» **Activity**
A verbatim transcript of the data below is required, images omitted.

» **Data segment**
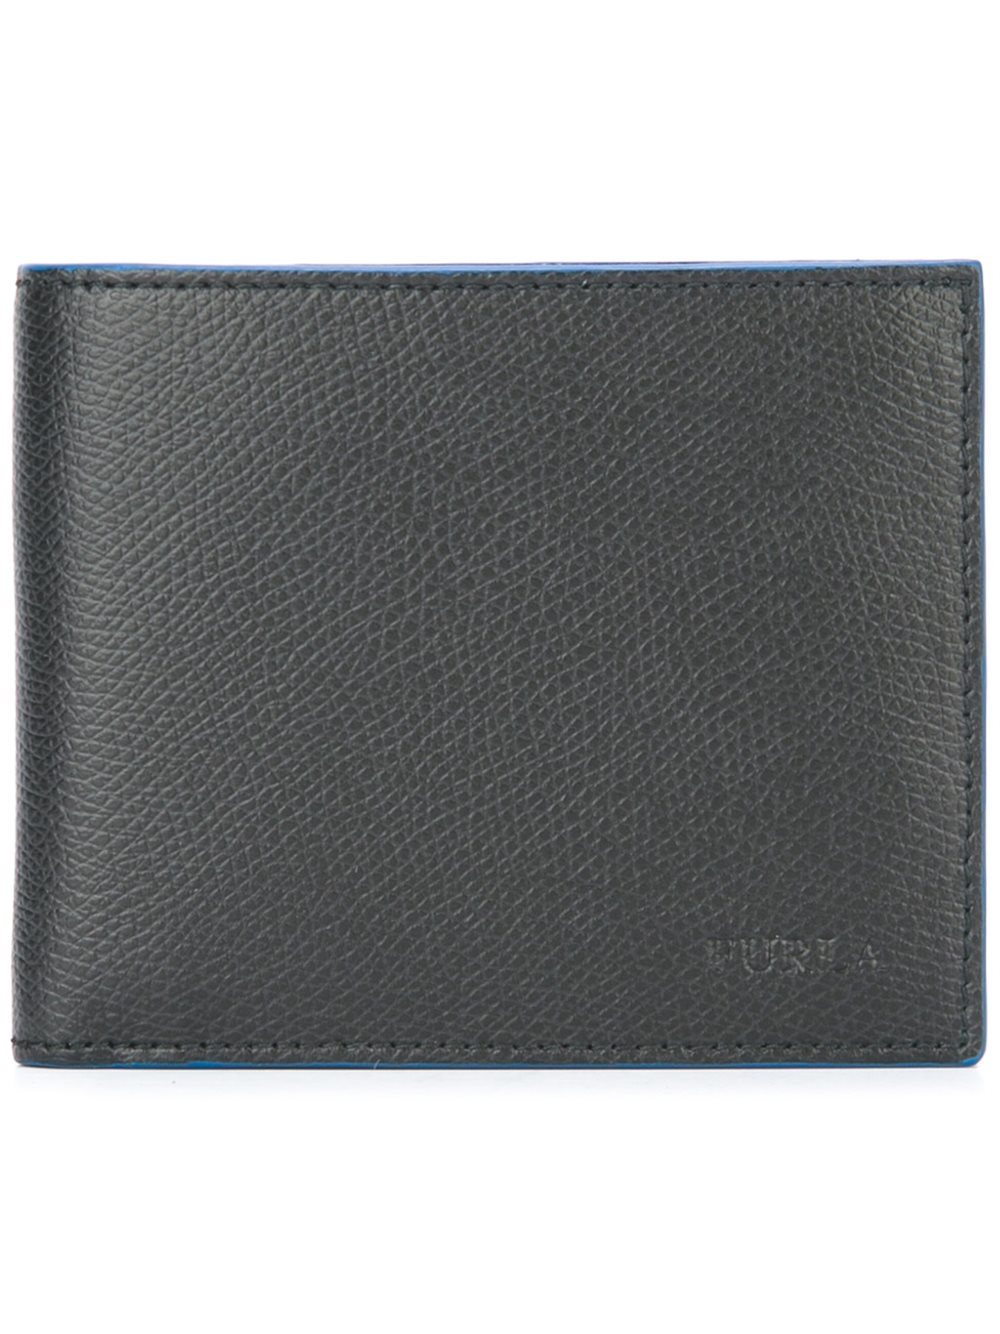 Lyst - Furla Billfold Wallet in Black for Men
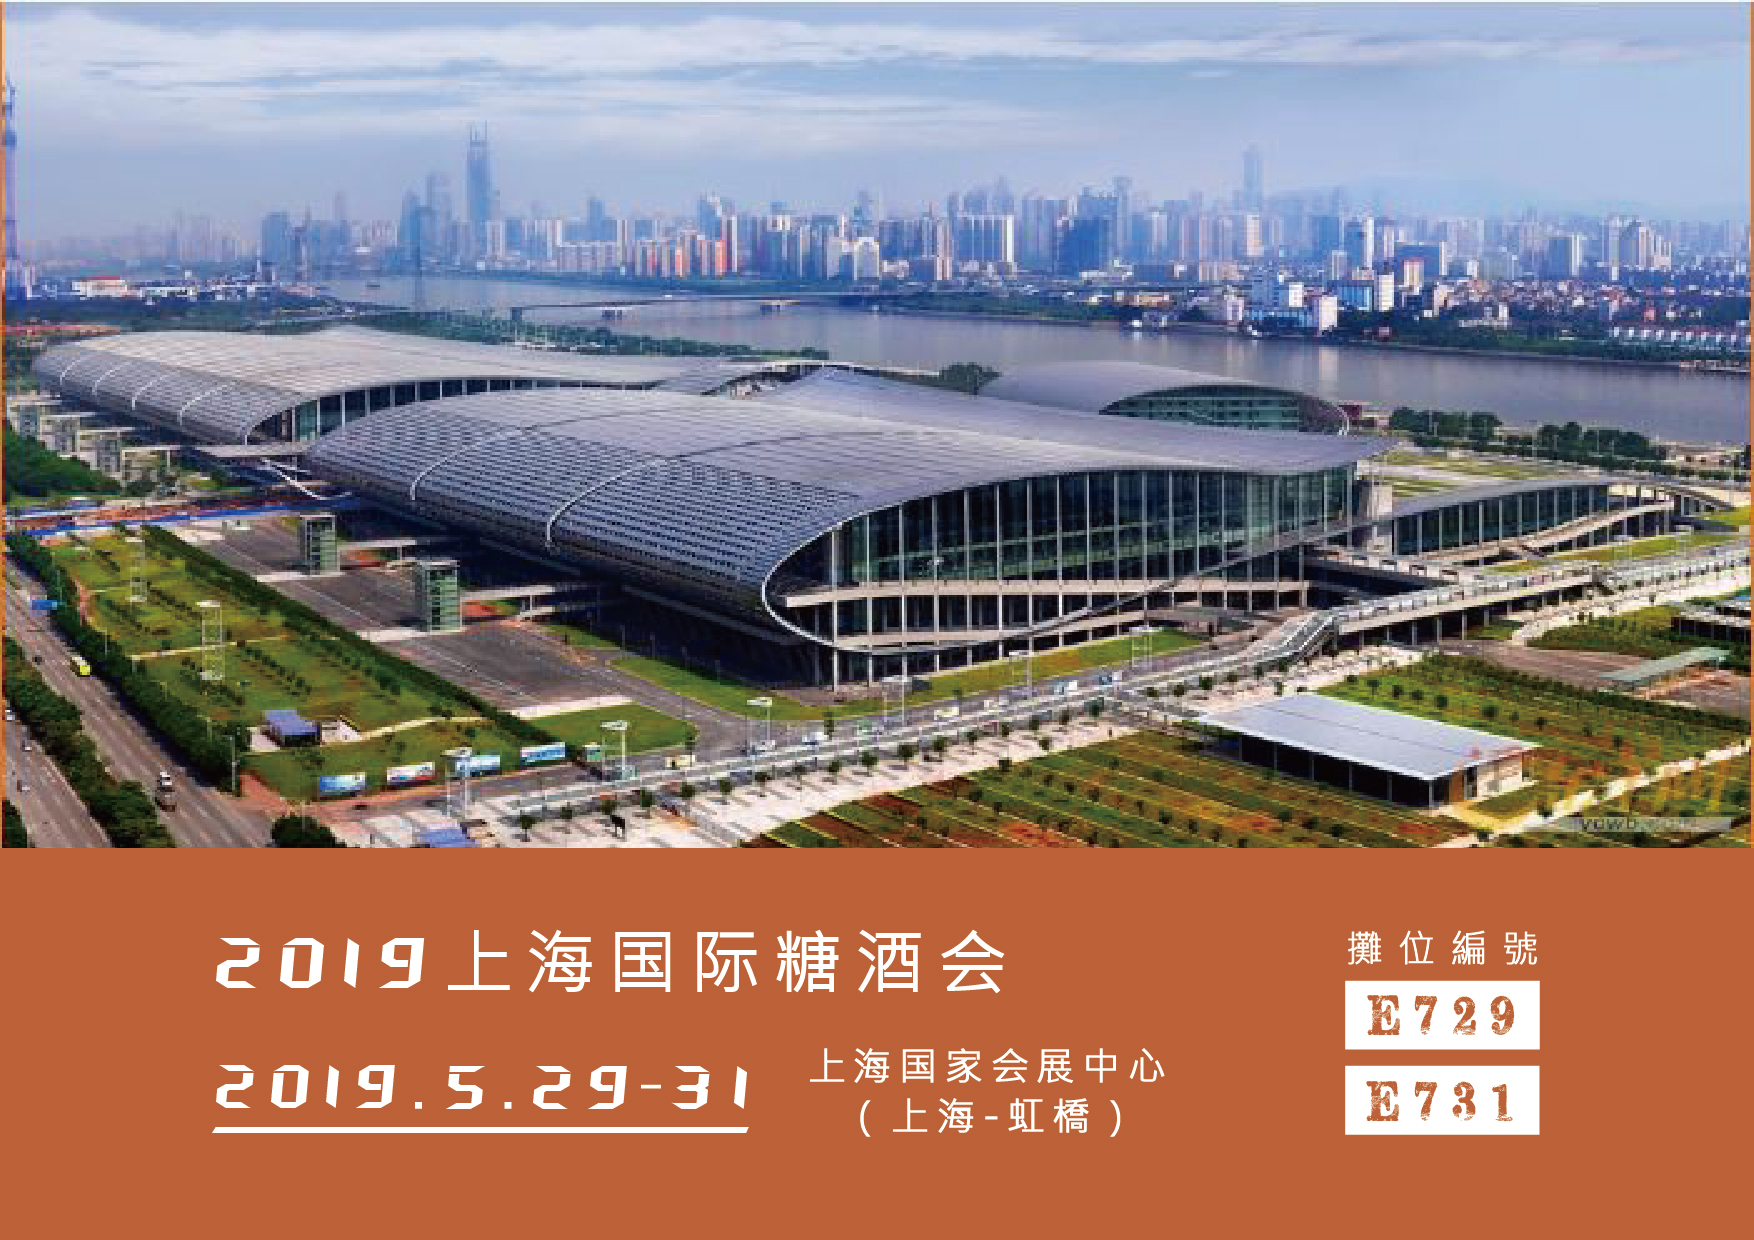 2019年5月29-30日上海國際糖酒會
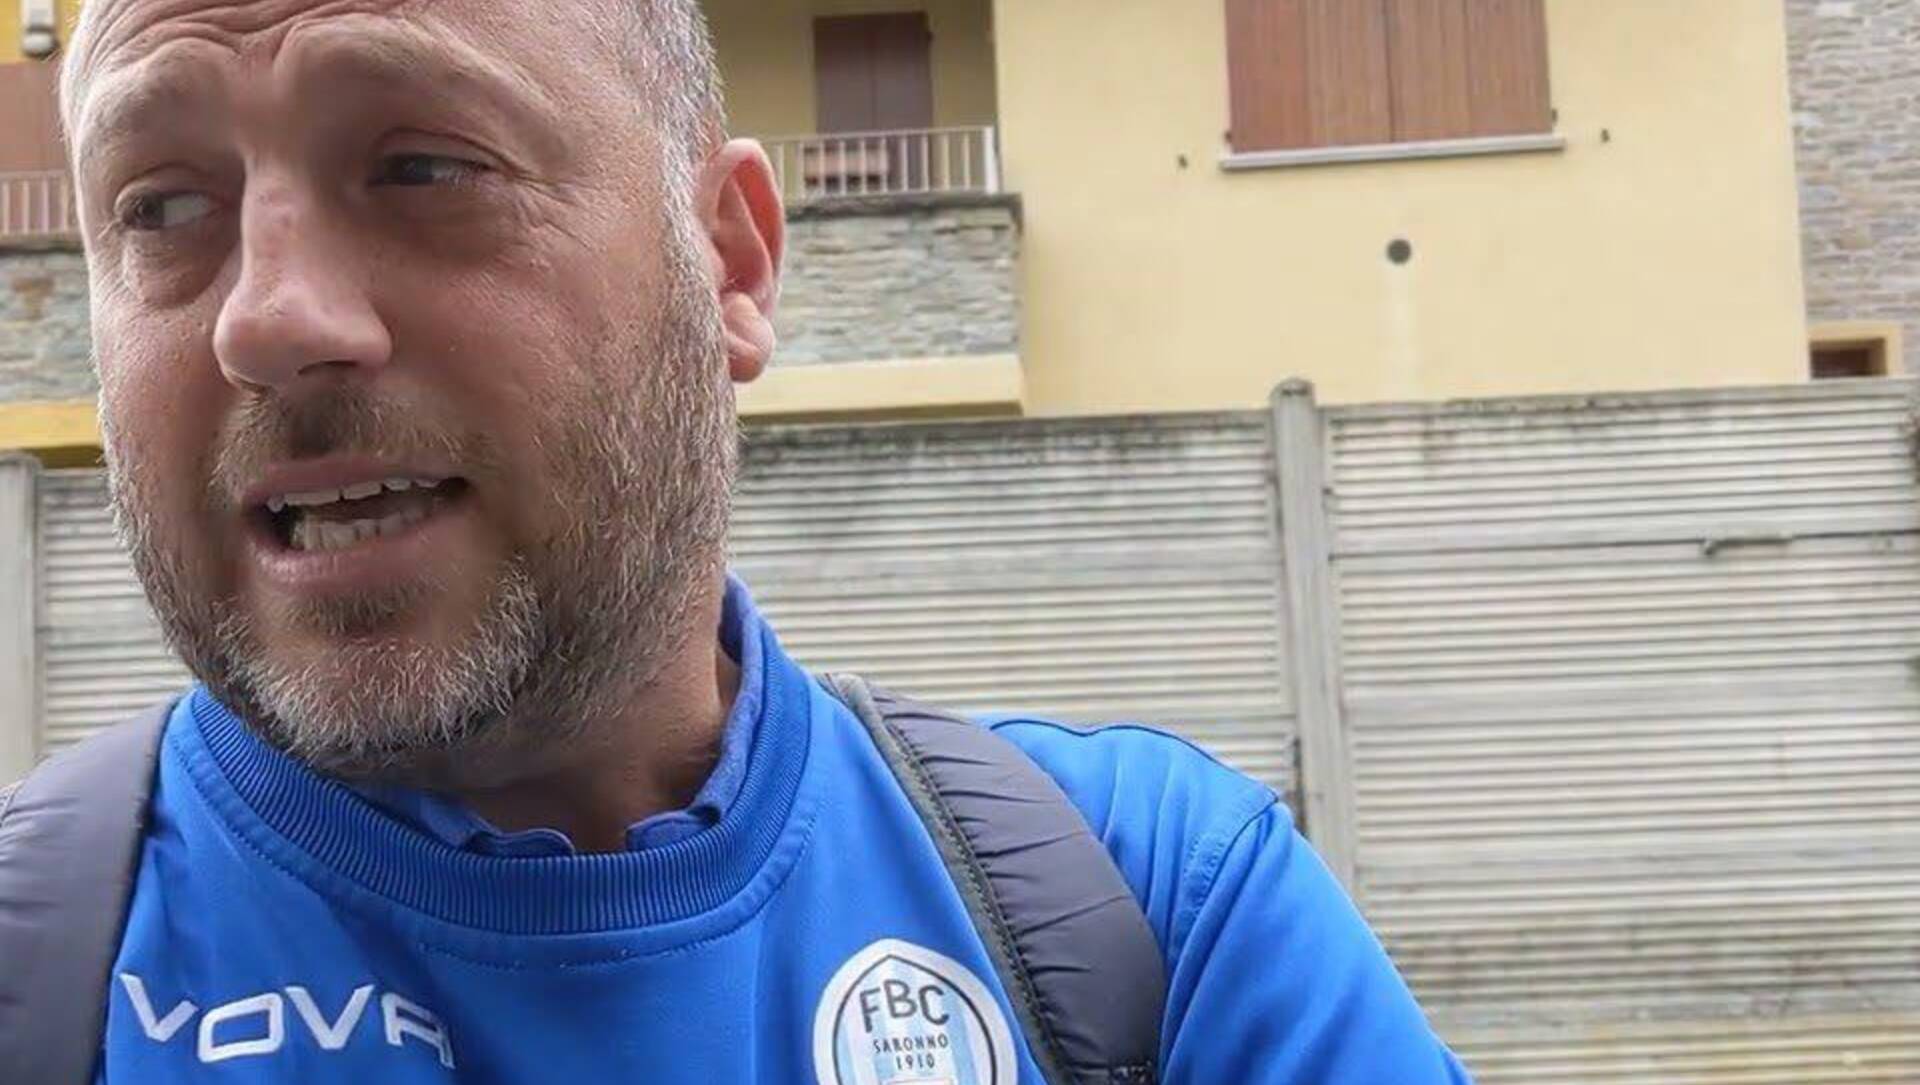 Calcio Promozione, Base 96-Fbc Saronno parla Tricarico: “Mentalità giusta”
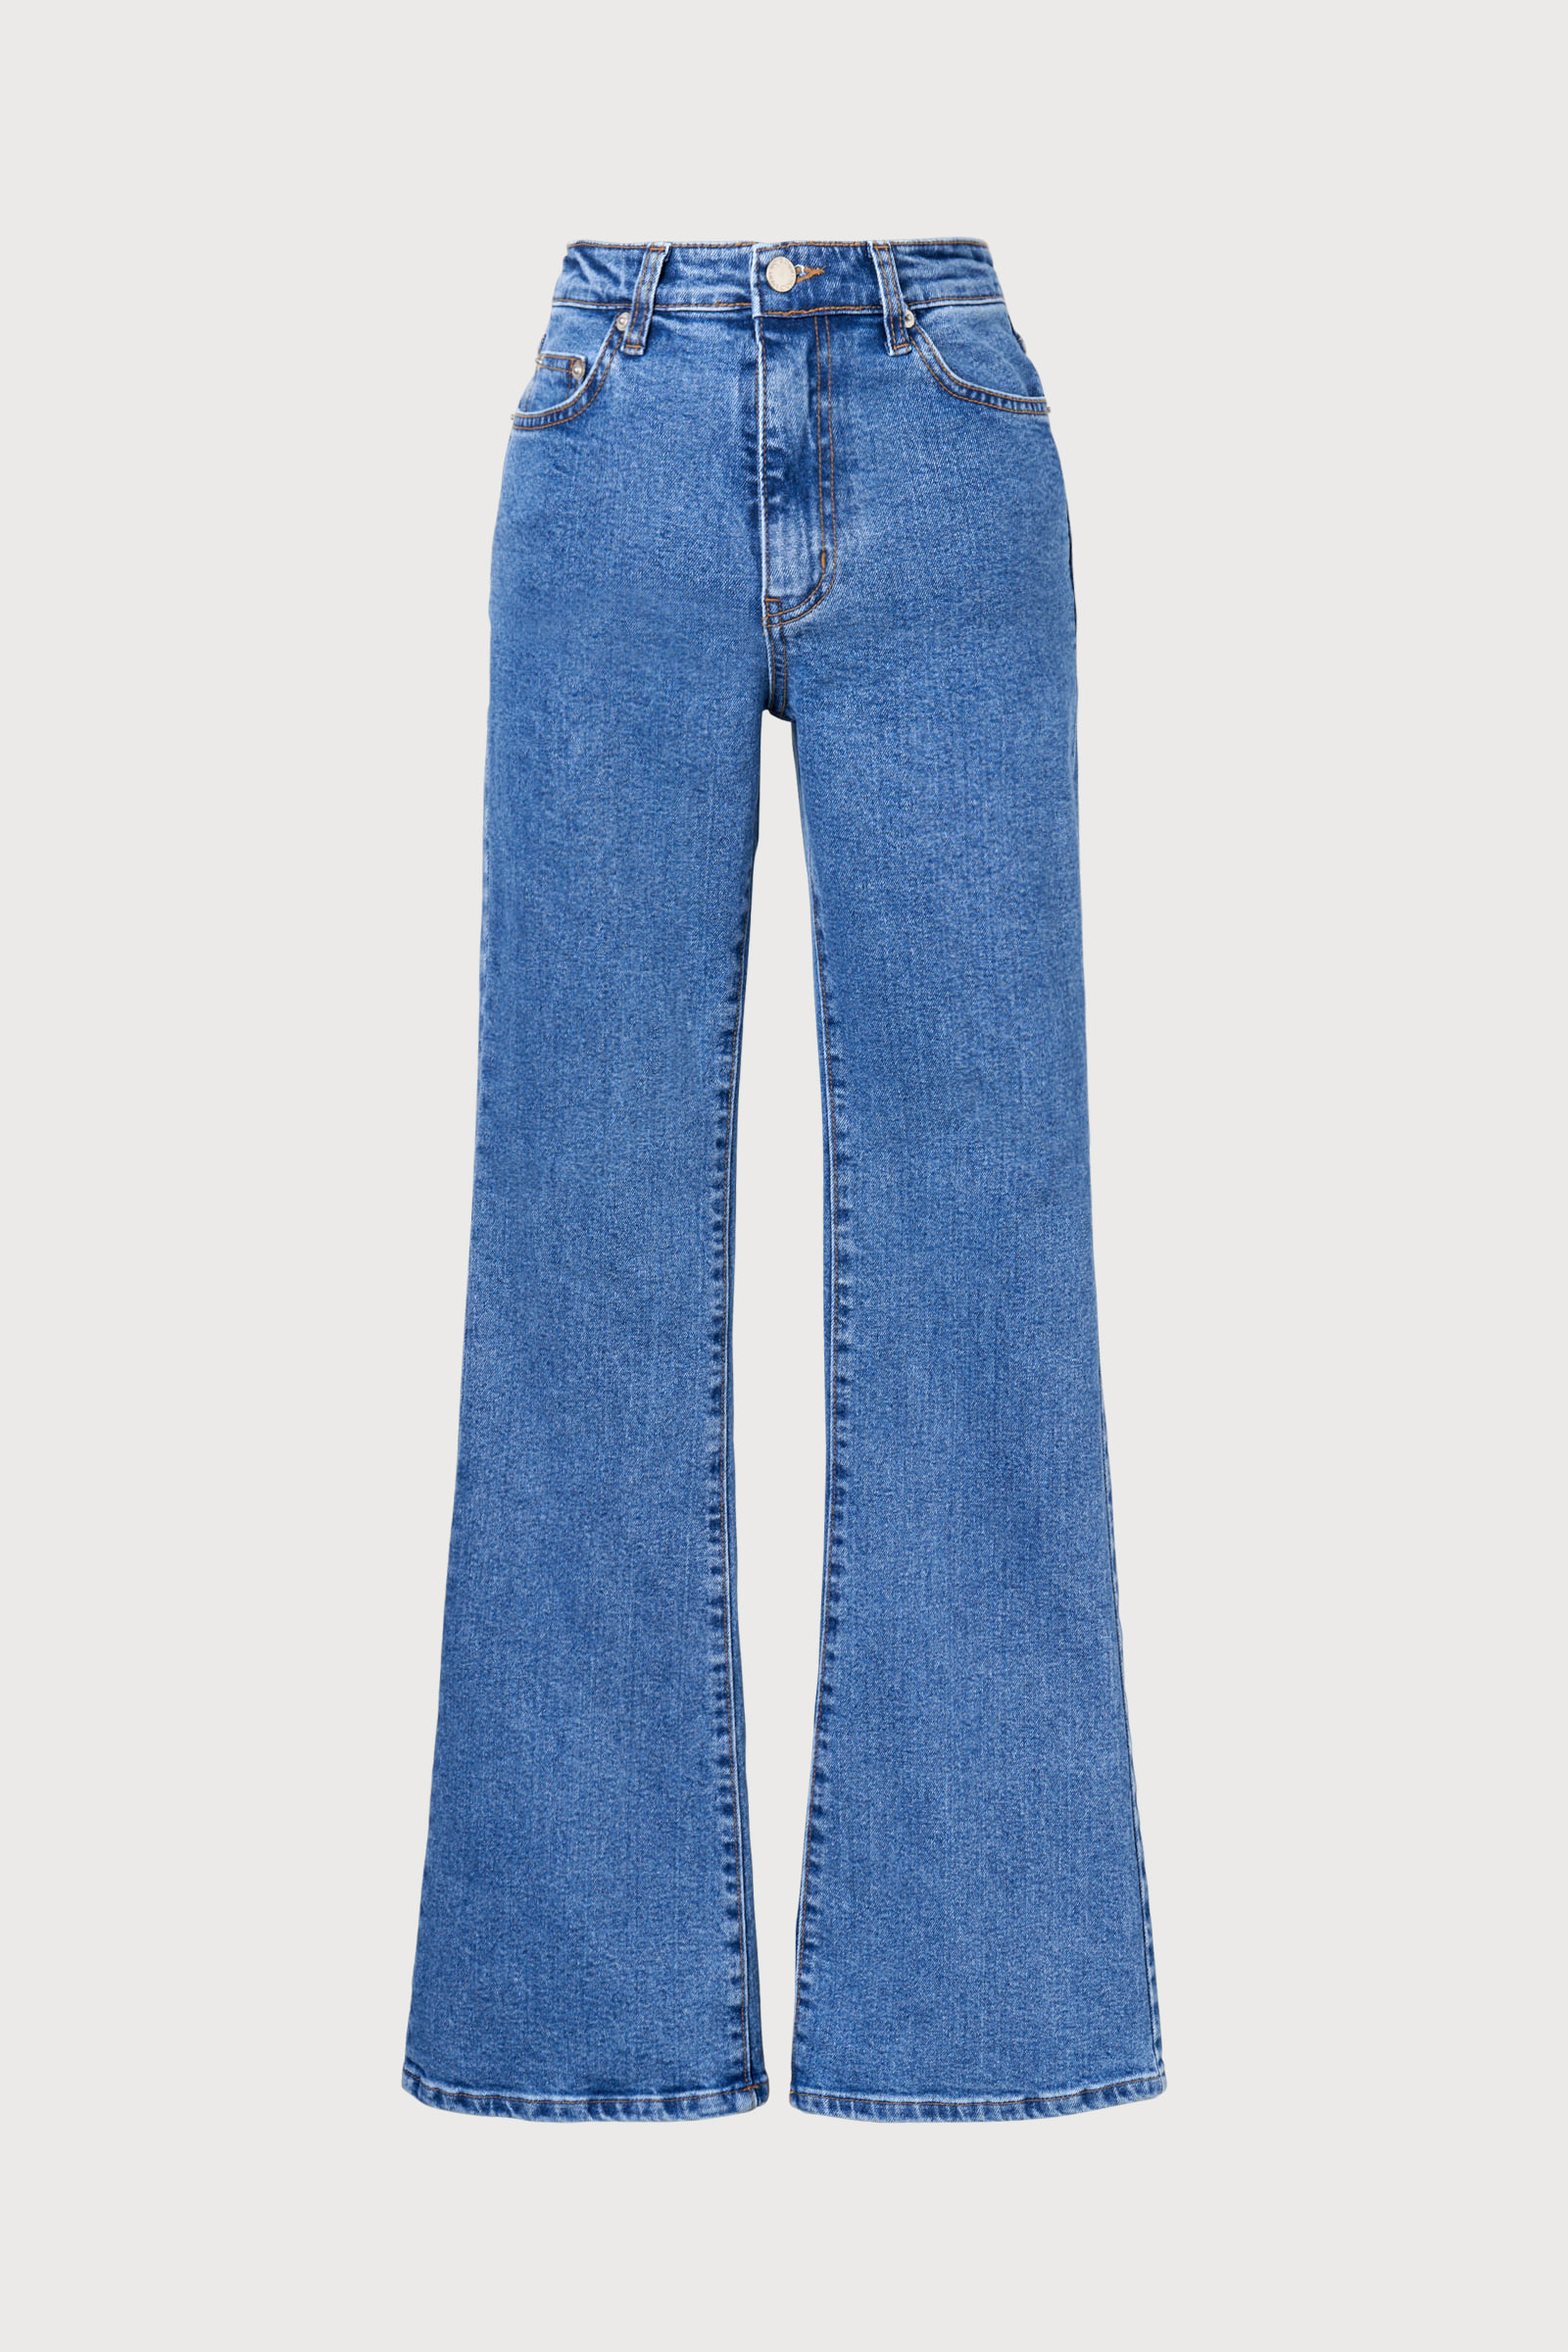 Part.5 Bootscut jeans (denim)

» **Answer space**
 Lyst - Furla Billfold Wallet in Black for Men
 2019年5月29-30日上海國際糖酒會
 Calcio Promozione, Base 96-Fbc Saronno parla Tricarico: “Mentalità giusta”
 Part.5 Bootscut jeans (denim)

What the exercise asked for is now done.